Well, how are we doing for time? Good. We've done all the intro material pretty quick. So here's a list of vulnerabilities, and we're going to go through them pretty quick right now. Before I do that, I'll just talk about a typical vendor response strategy. So, you know, our job when we're dealing with these is to work out the mitigations, right?

Work out how to make them go away. We have a finite period of time to do this. That's a good thing because you don't want vulnerable machines. And what we do is we collaborate with many different companies and others out there under these industry embargoes to work out what we need to do.

And we do that. We get up streams fixed and so on, and we get our vendor products fixed as well. And then, you know, we try to provide useful things. Some of you may have seen the three minute videos we do to try to explain these things. And we do all this kind of stuff. And just dealing with Meltdown Inspector took us 10,000 engineering hours, right?

That's not talking about the other issues, just those two. What can we do? Well, modern processors are designed to be able to handle some updates in the field. On Intel machines, you have something called microcode, which is this little blob.

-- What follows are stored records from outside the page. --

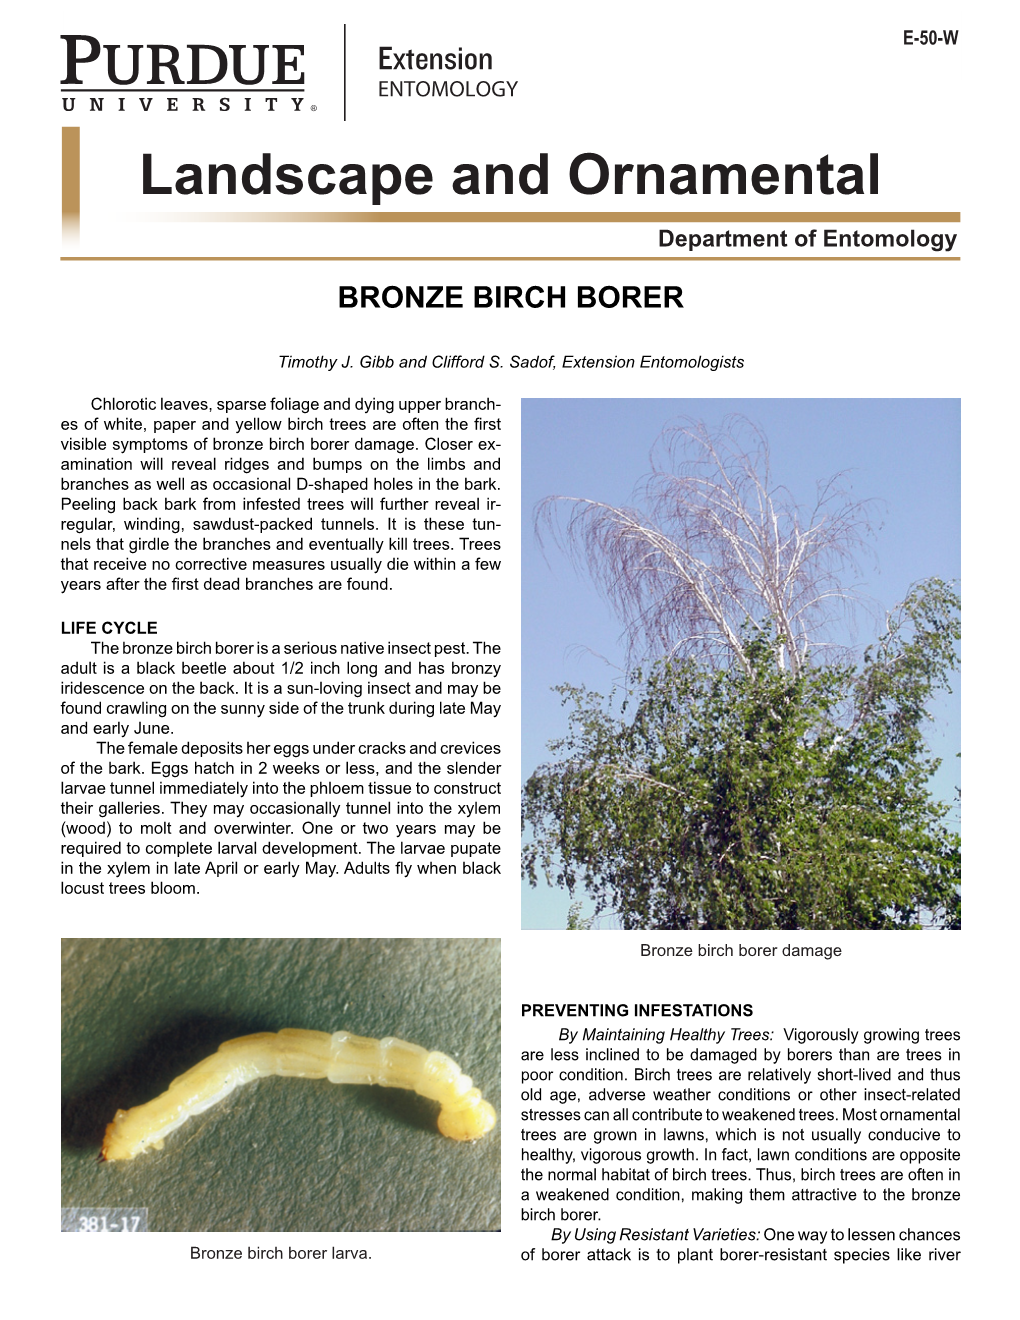 Landscape and Ornamental Department of Entomology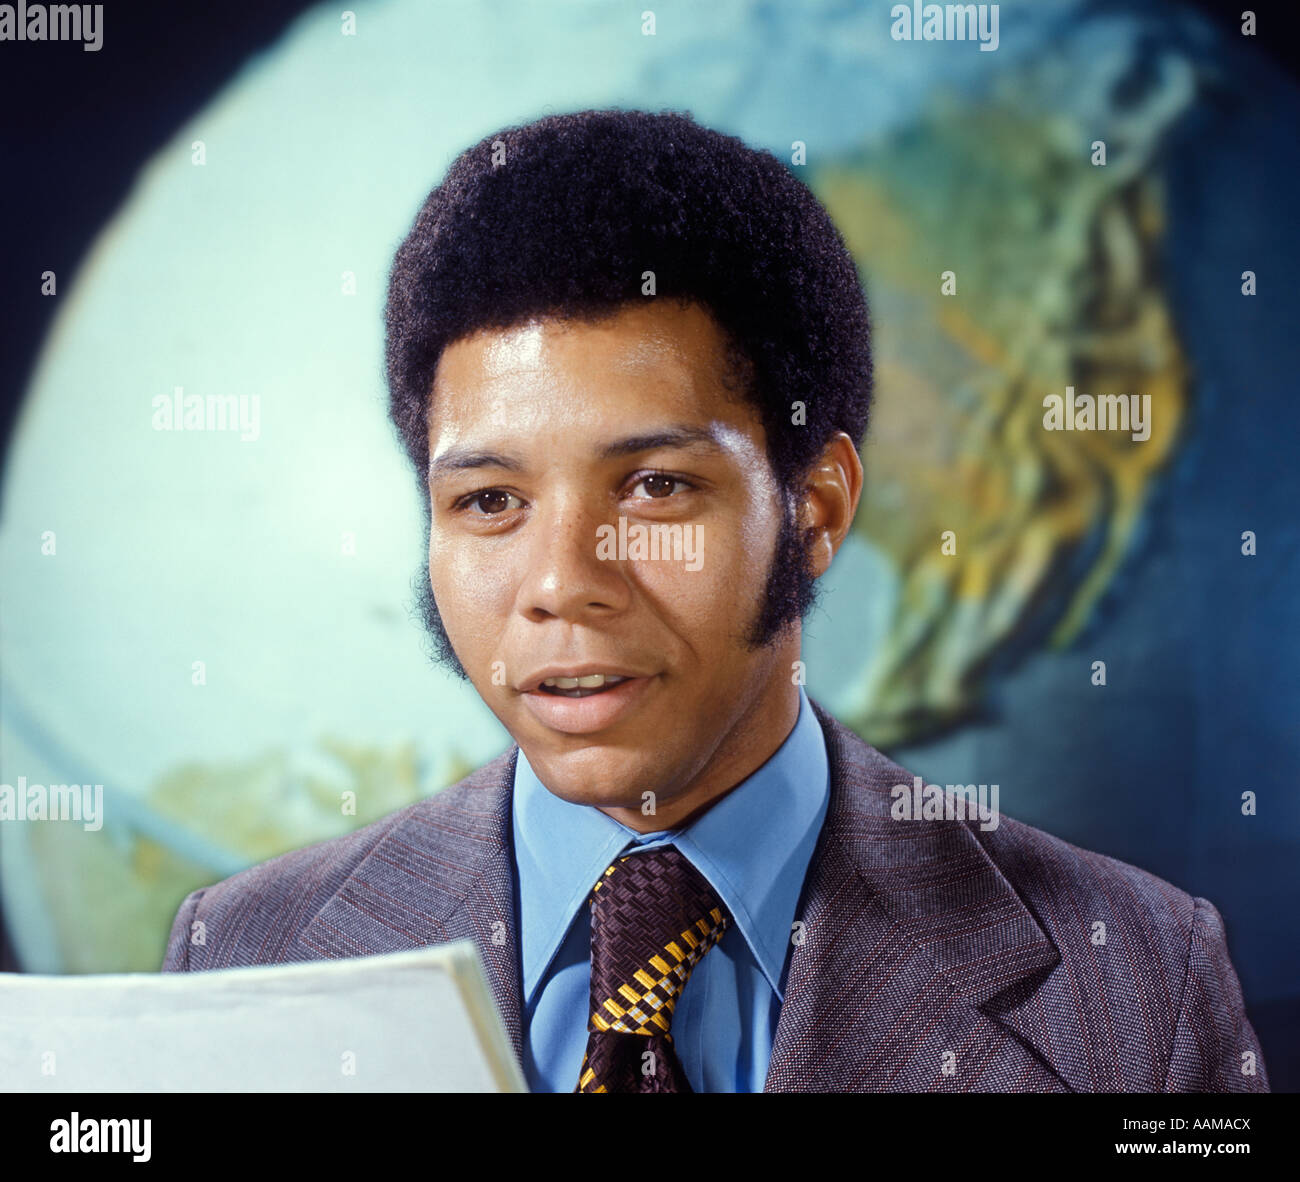 MAN NEWSCASTER REPORTER TV TELEVISION ANCHORMAN CORRESPONDENT NEWS 1970 1970s RETRO Stock Photo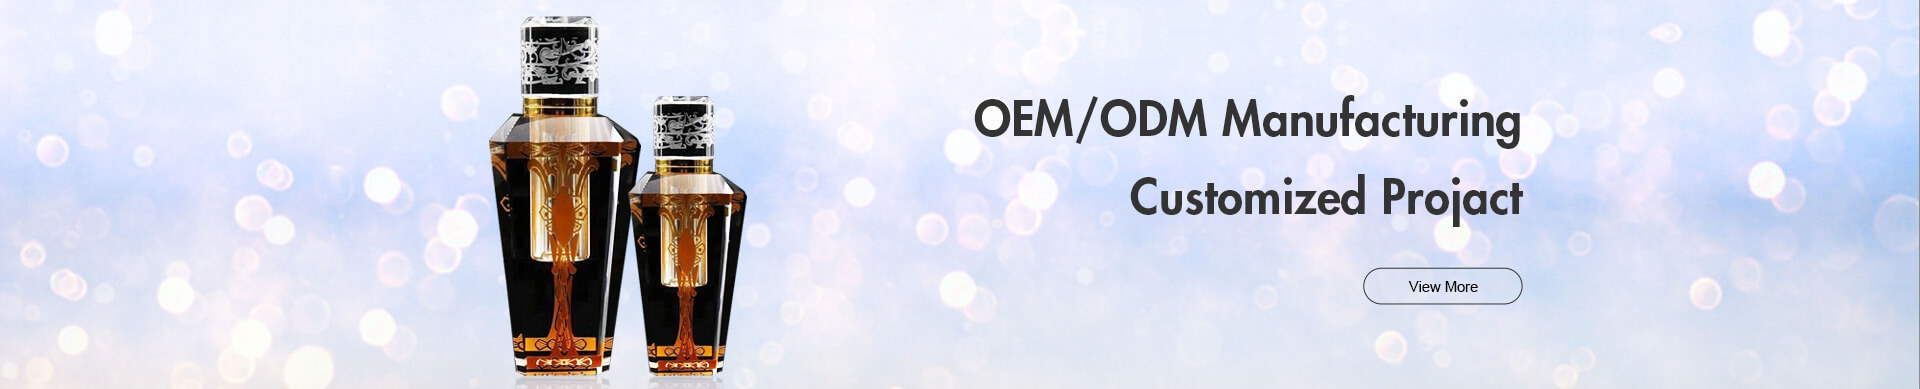 OEM/ODM Manufacturing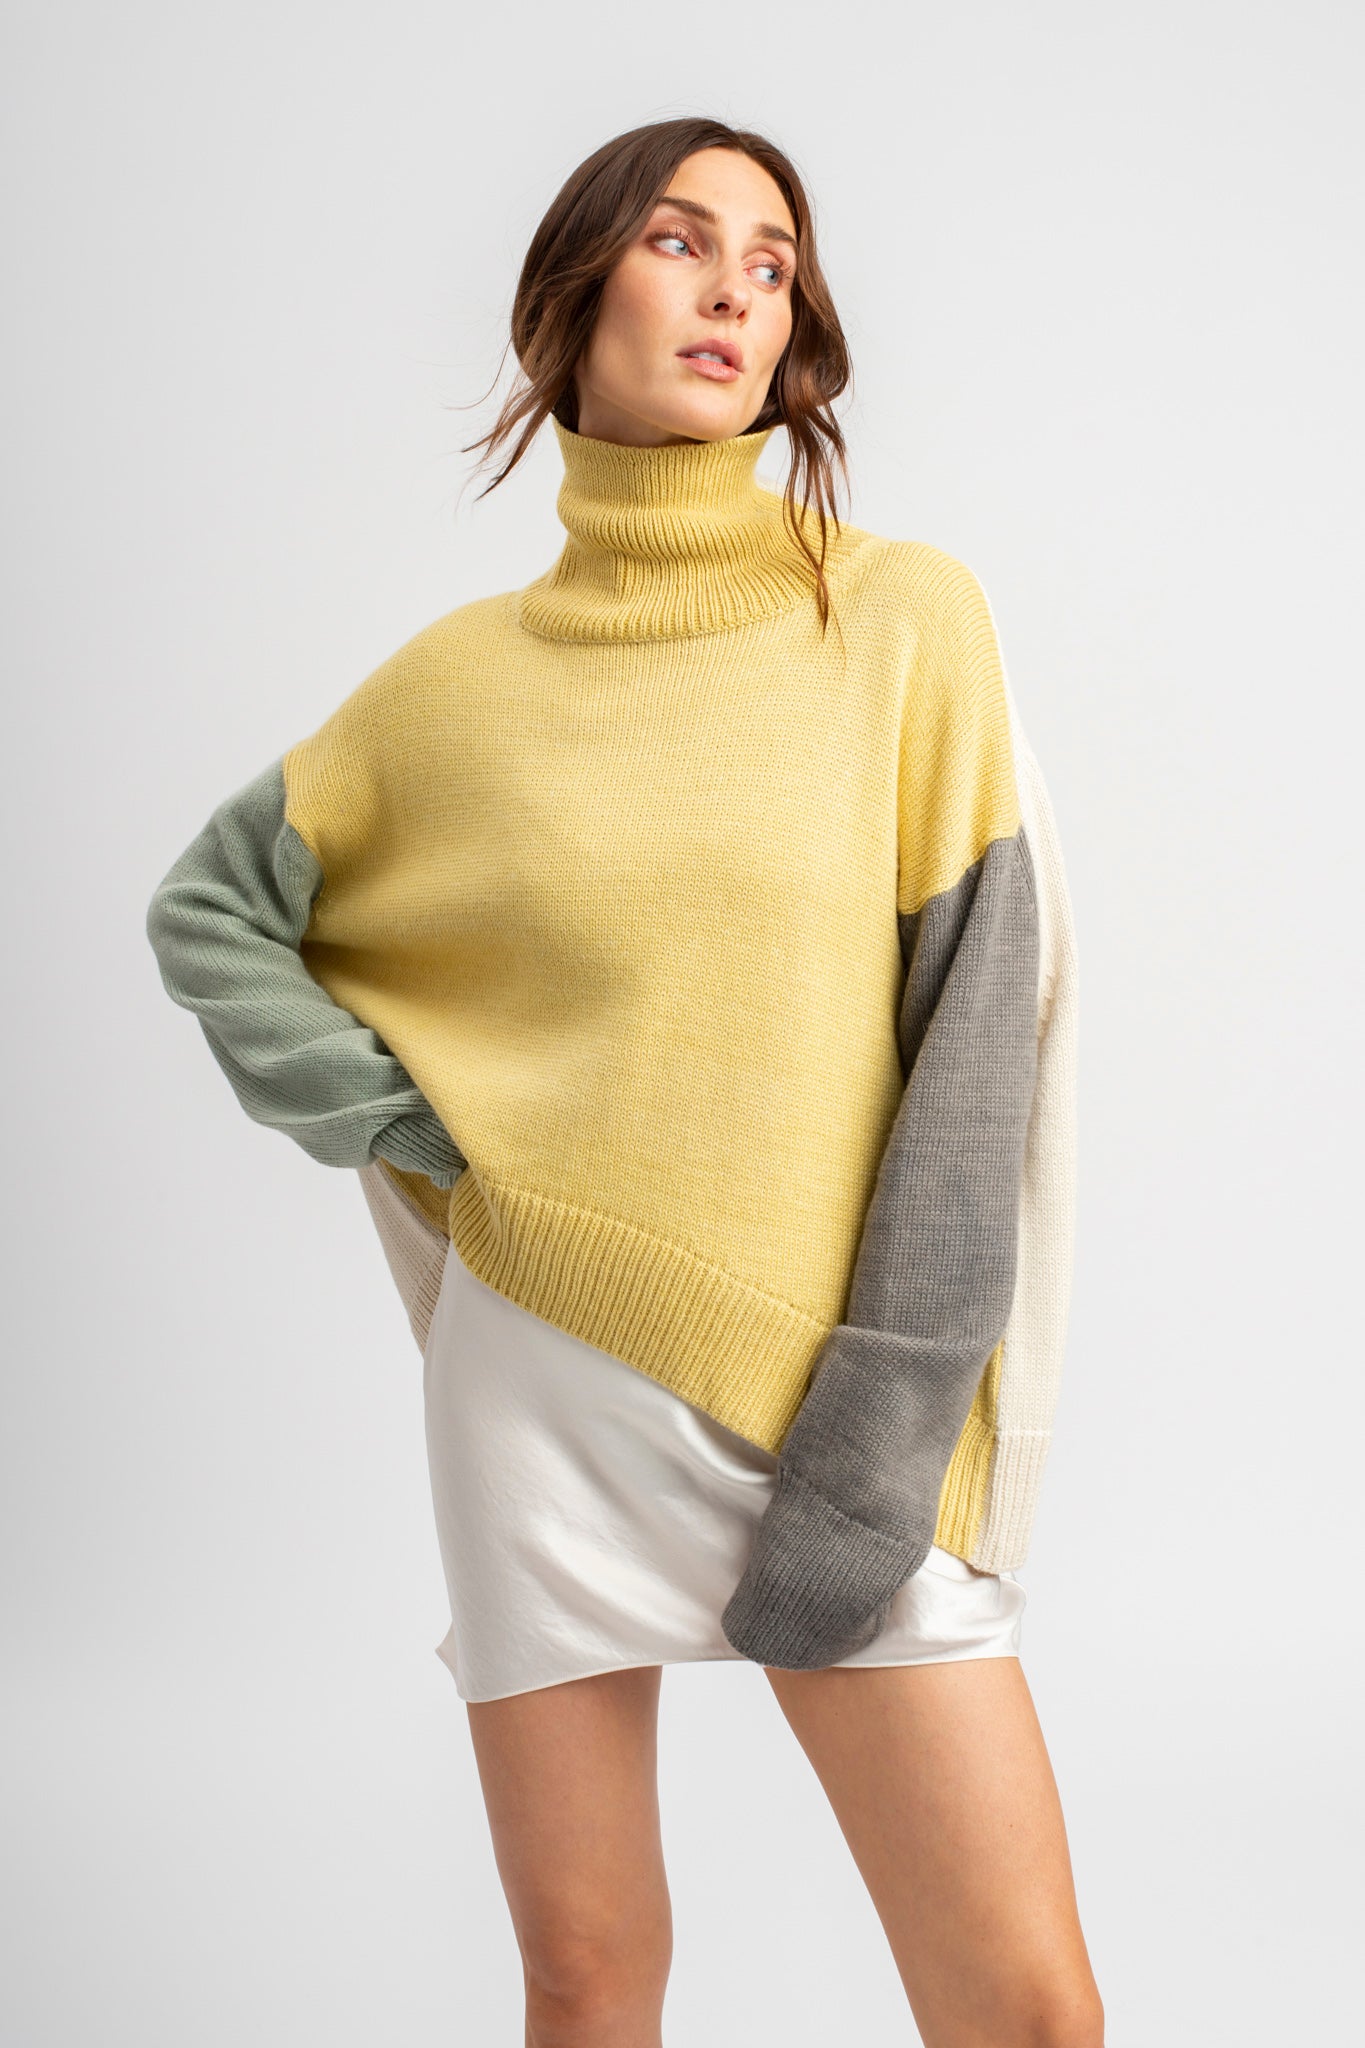 Model wearing turtleneck oversized sweater in multi-color yellow alpaca wool, front view

You don't know what's in it. It's a signed encrypted binary, which when loaded can change some process of behavior. It is not magic, cannot be used to patch how we do page table walks or change how the cache works or change how the ad instruction works, but it can be used to fix some things.

And more importantly, it can be used to turn things off that are known to be broken if we have a way to turn them off. And we do have a way to turn them off because we also have in the average x86 processor about 10,000 chicken bits. And they're called chicken bits because you chicken out, right? Hardware design is cool at that. Means I like my new feature, but I might have gotten it wrong.

And so just in case, I'll have a way to turn that off so that it doesn't cost a billion dollars to fix it later, right? So since everybody likes to have that option, there's about 10,000 knobs and dials inside the average chip for things you can turn off. So that's very helpful.

Everything else has to be done in software. We'll do questions at the end, but we'll definitely cover that. Okay, on your Linux machine, you can look in a directory for each nasty, horrible thing that comes up. You will see a new file.

Spoiler alert, we've had more than one. So if any more arrive, then things will appear in here. So let's go through the issues. So Meltdown, I would put this t-shirt on, but there's not time. So I have here a collection of shirts given to me by researchers. I like to go and meet them.

So with the guys who did Meltdown, for example, we did a side channel analysis on them. So for a number of months, I knew it was the guys at Graz and others working on this. And I was watching every domain registration that Graz did for quite a few months. And so we saw them register Meltdown dot help as their test domain. And we saw them register Meltdown attack, Inspector attack.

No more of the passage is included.